:: Data supplied ::

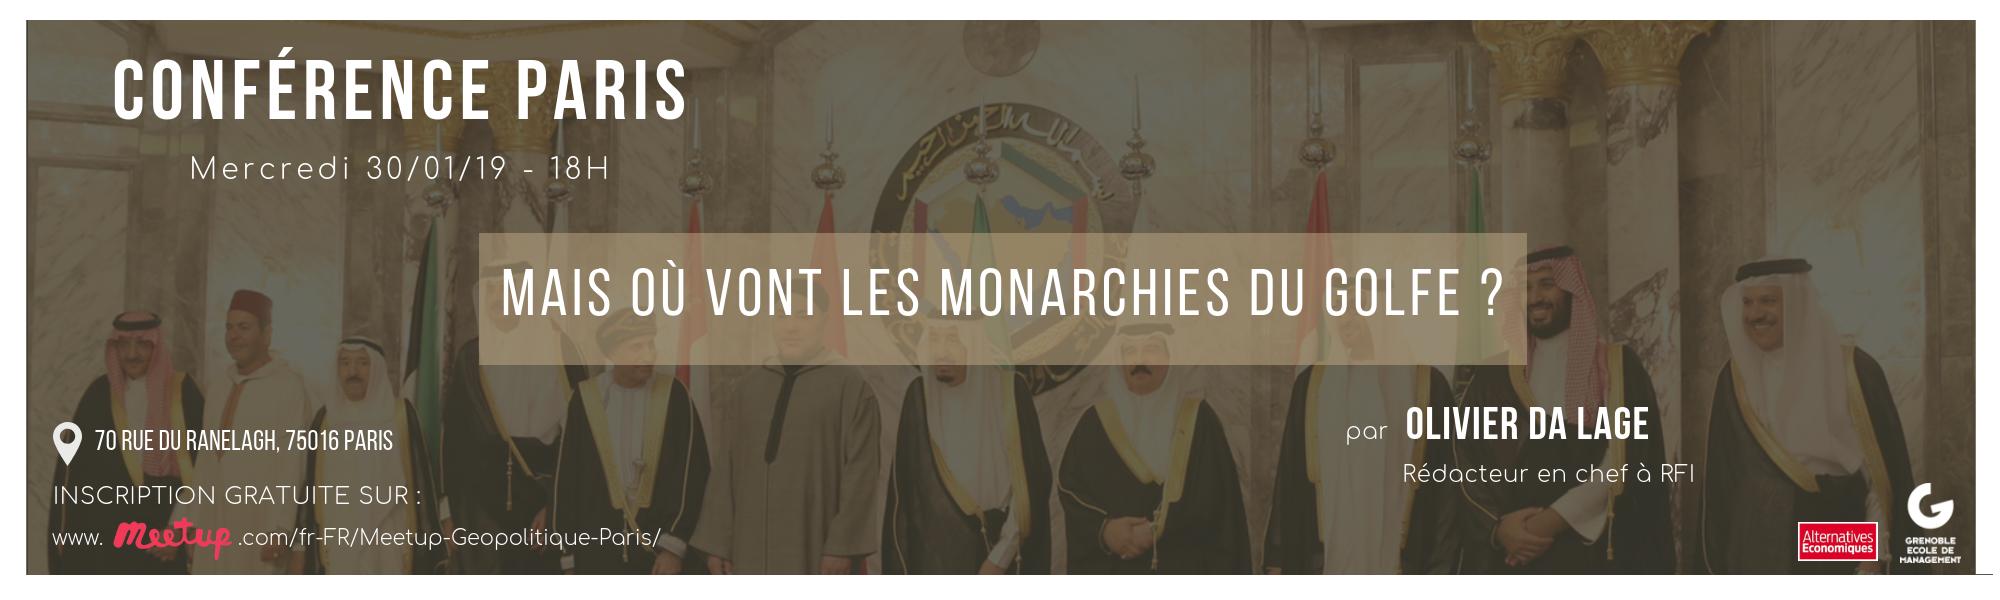 Conférence Paris 30_01_19 Monarchie Glofe
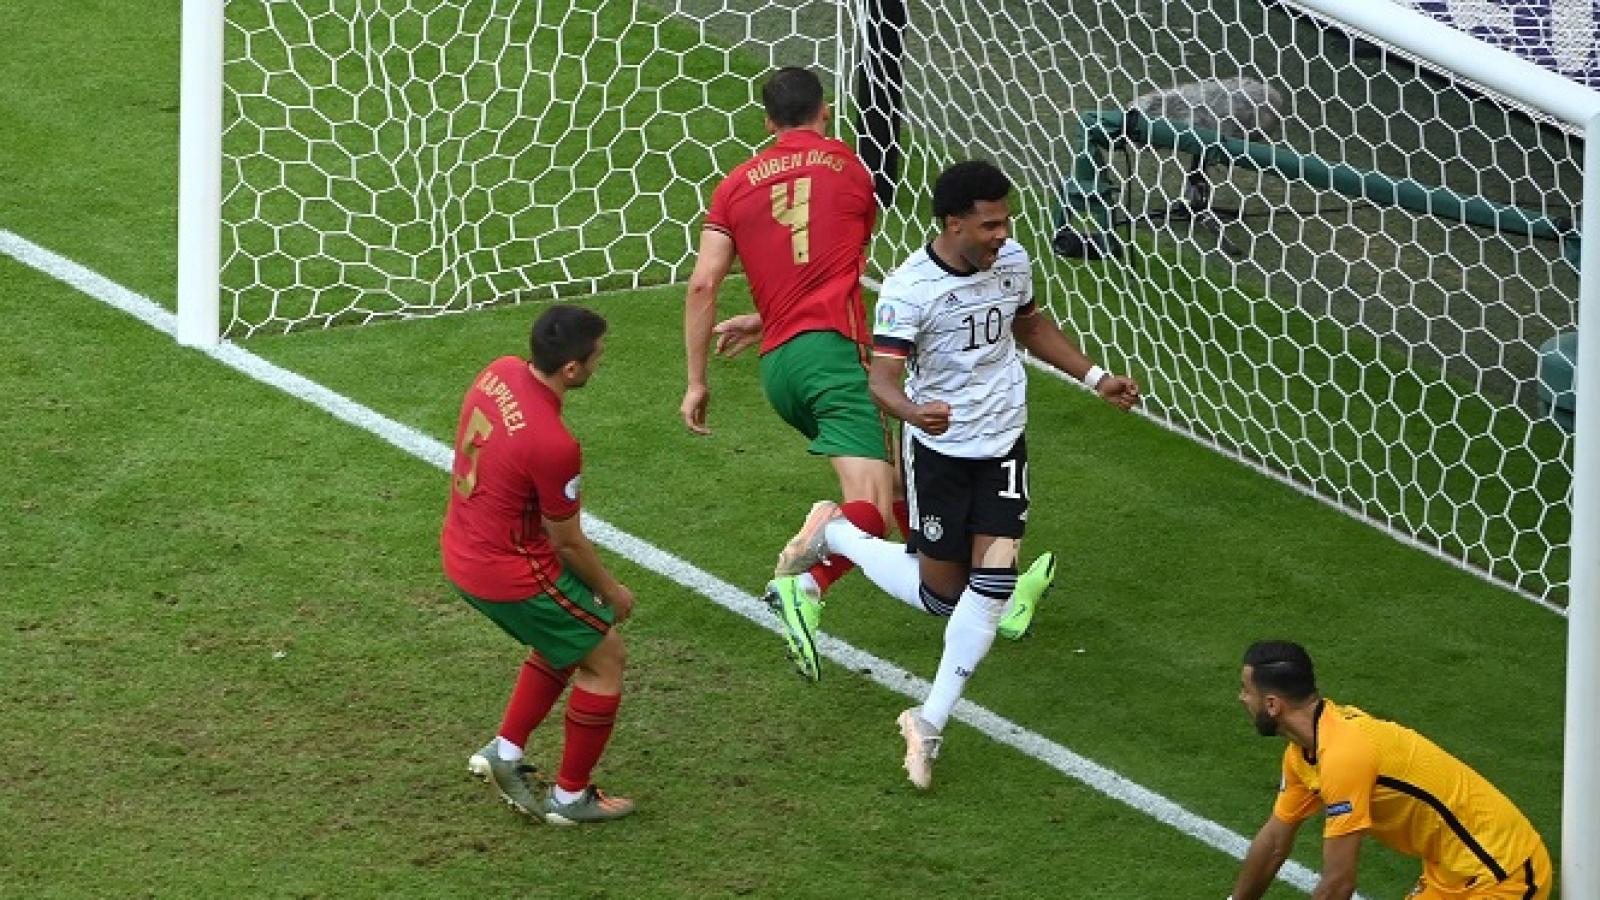 Cận cảnh 11 bàn phản lưới nhà ở EURO 2021
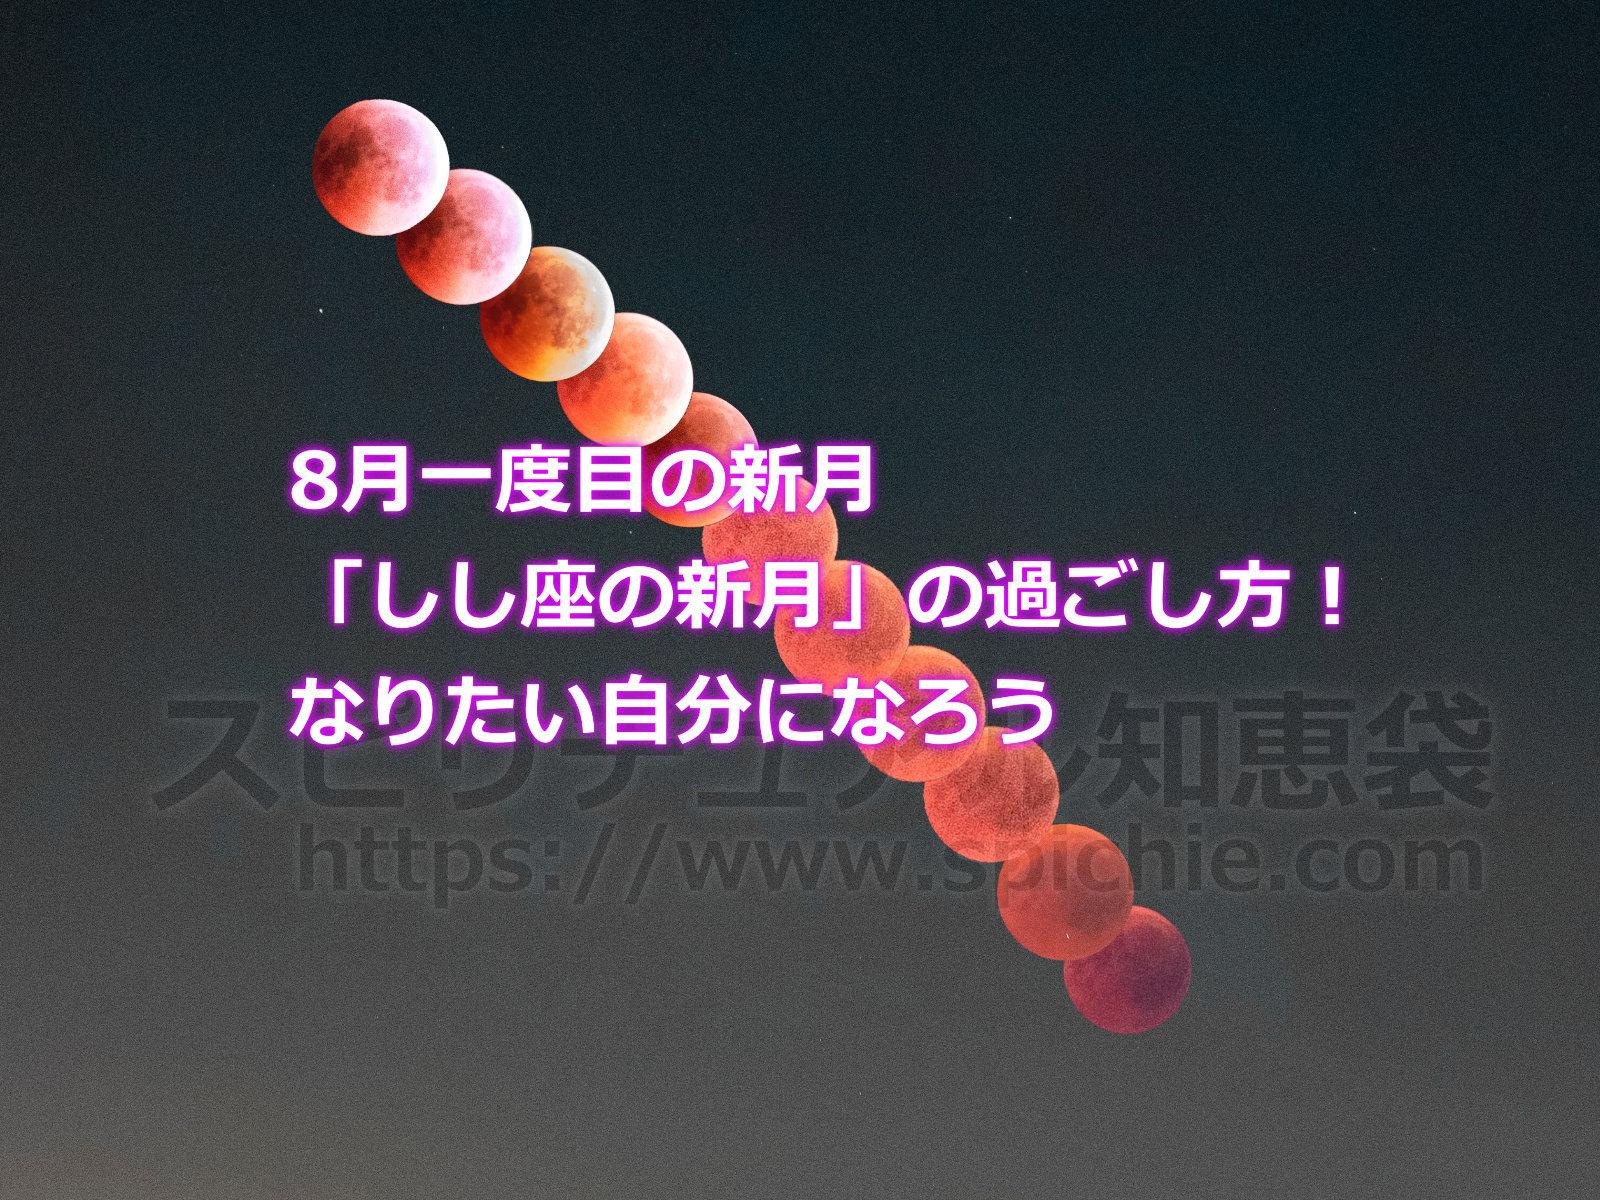 8月一度目の新月「しし座の新月」の過ごし方!なりたい自分になろうのアイキャッチ画像
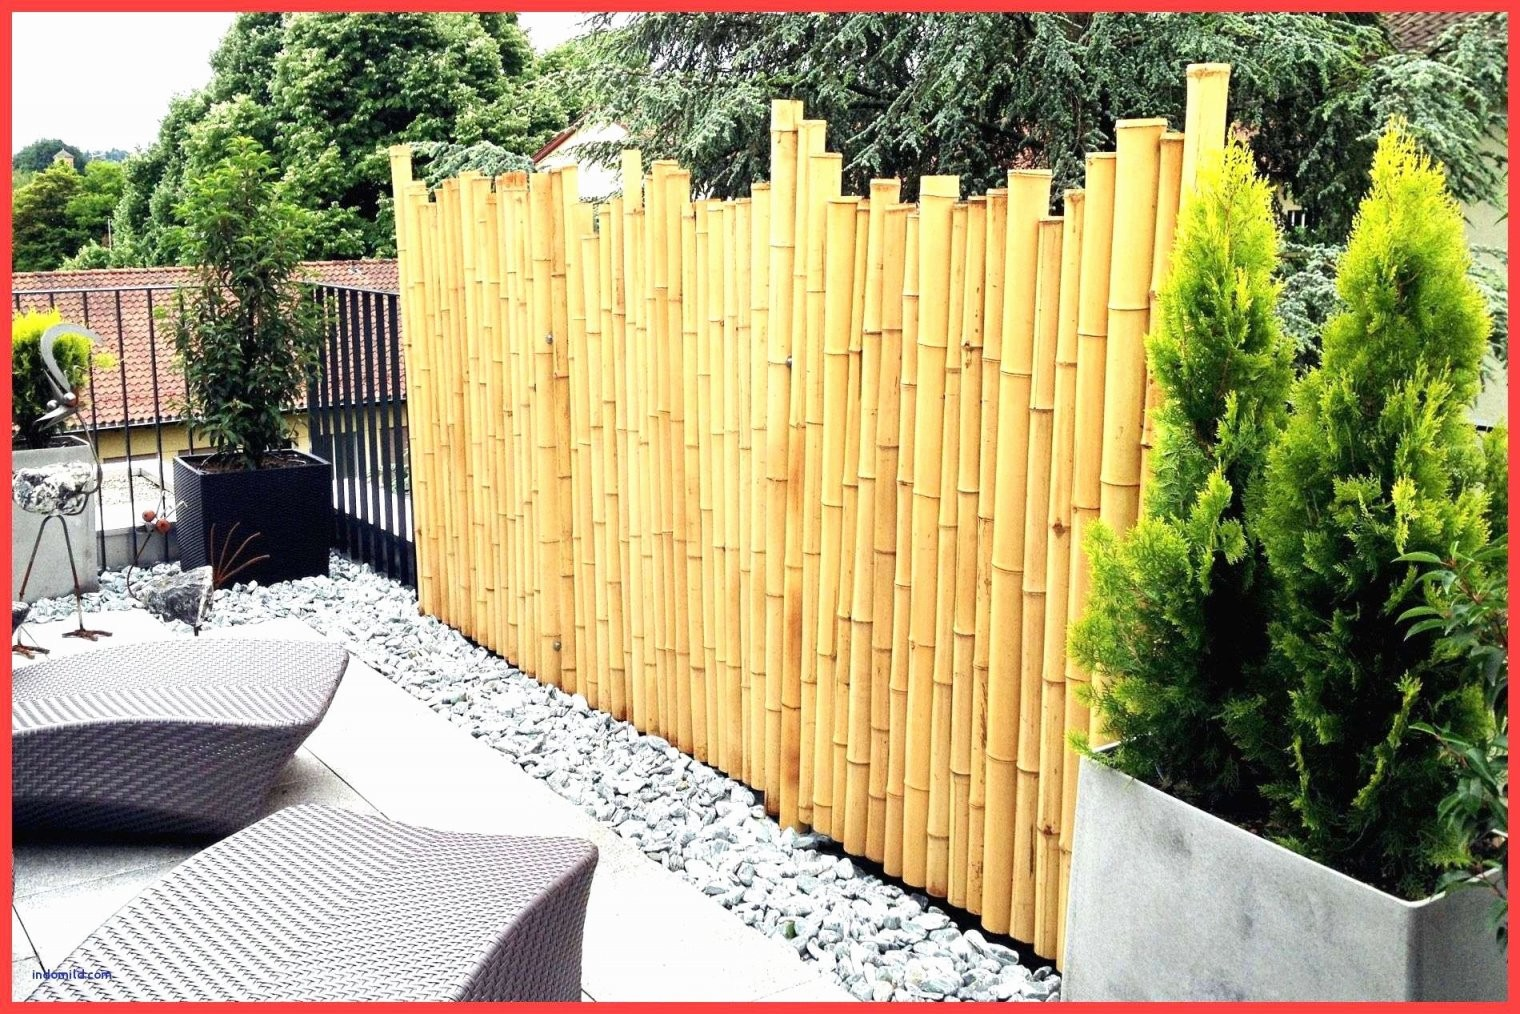 Sichtschutz Fr Balkon Selber Machen Einzigartig Sichtschutz Terrasse von Sichtschutz Für Balkon Selber Machen Bild
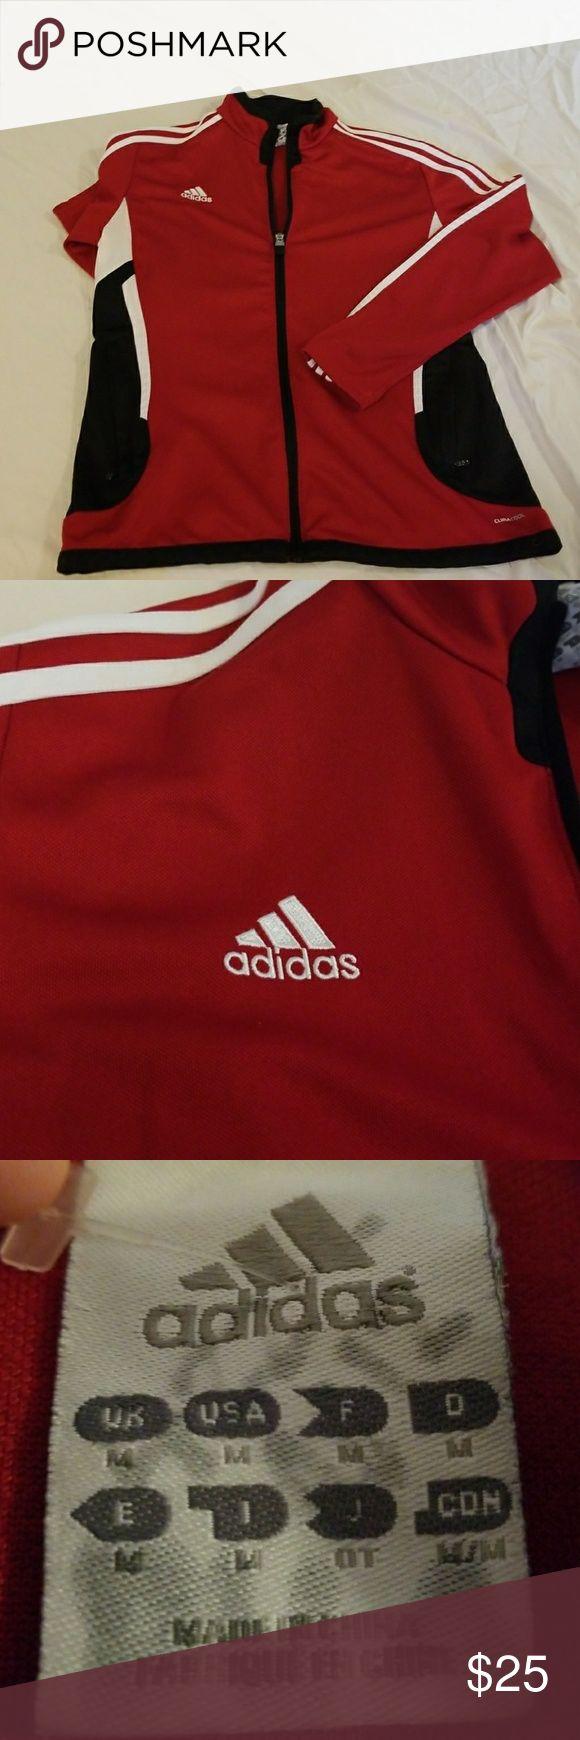 Adidas climacool jacket Red Adidas jacket like new adidas Jackets & Coats
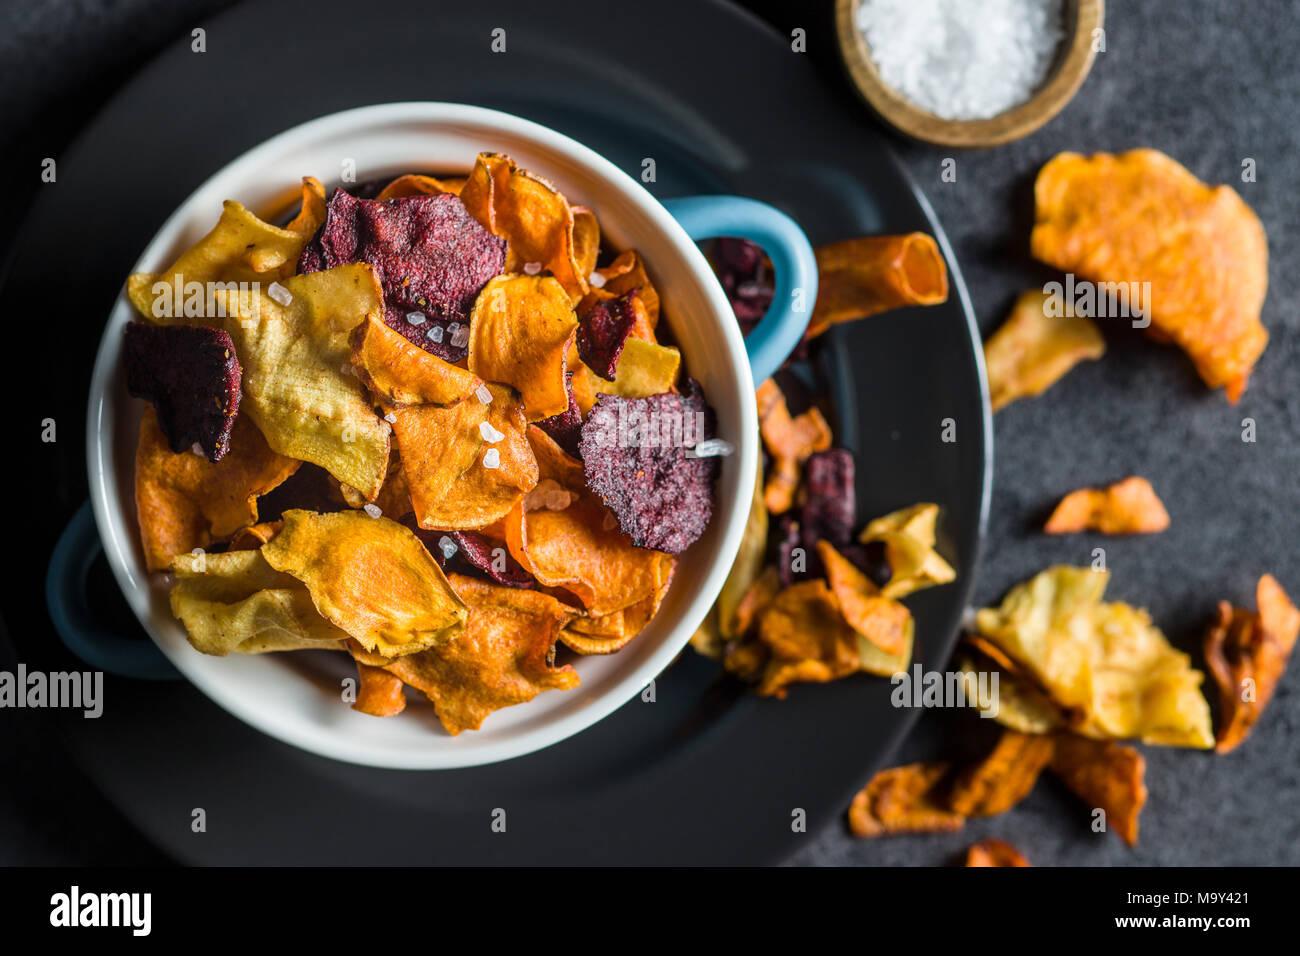 Poêlée de croustilles de légumes en pot. Photo Stock

:::

#### Directions for this task:
Copy all the entries above exactly as they stand, except for the pictures.

#### Answer to this task:
 Conférence Paris 30_01_19 Monarchie Glofe
 Cận cảnh 11 bàn phản lưới nhà ở EURO 2021
 8月一度目の新月「しし座の新月」の過ごし方!なりたい自分になろうのアイキャッチ画像
 Sichtschutz Fr Balkon Selber Machen Einzigartig Sichtschutz Terrasse von Sichtschutz Für Balkon Selber Machen Bild
 Adidas climacool jacket Red Adidas jacket like new adidas Jackets & Coats
 Poêlée de croustilles de légumes en pot. Photo Stock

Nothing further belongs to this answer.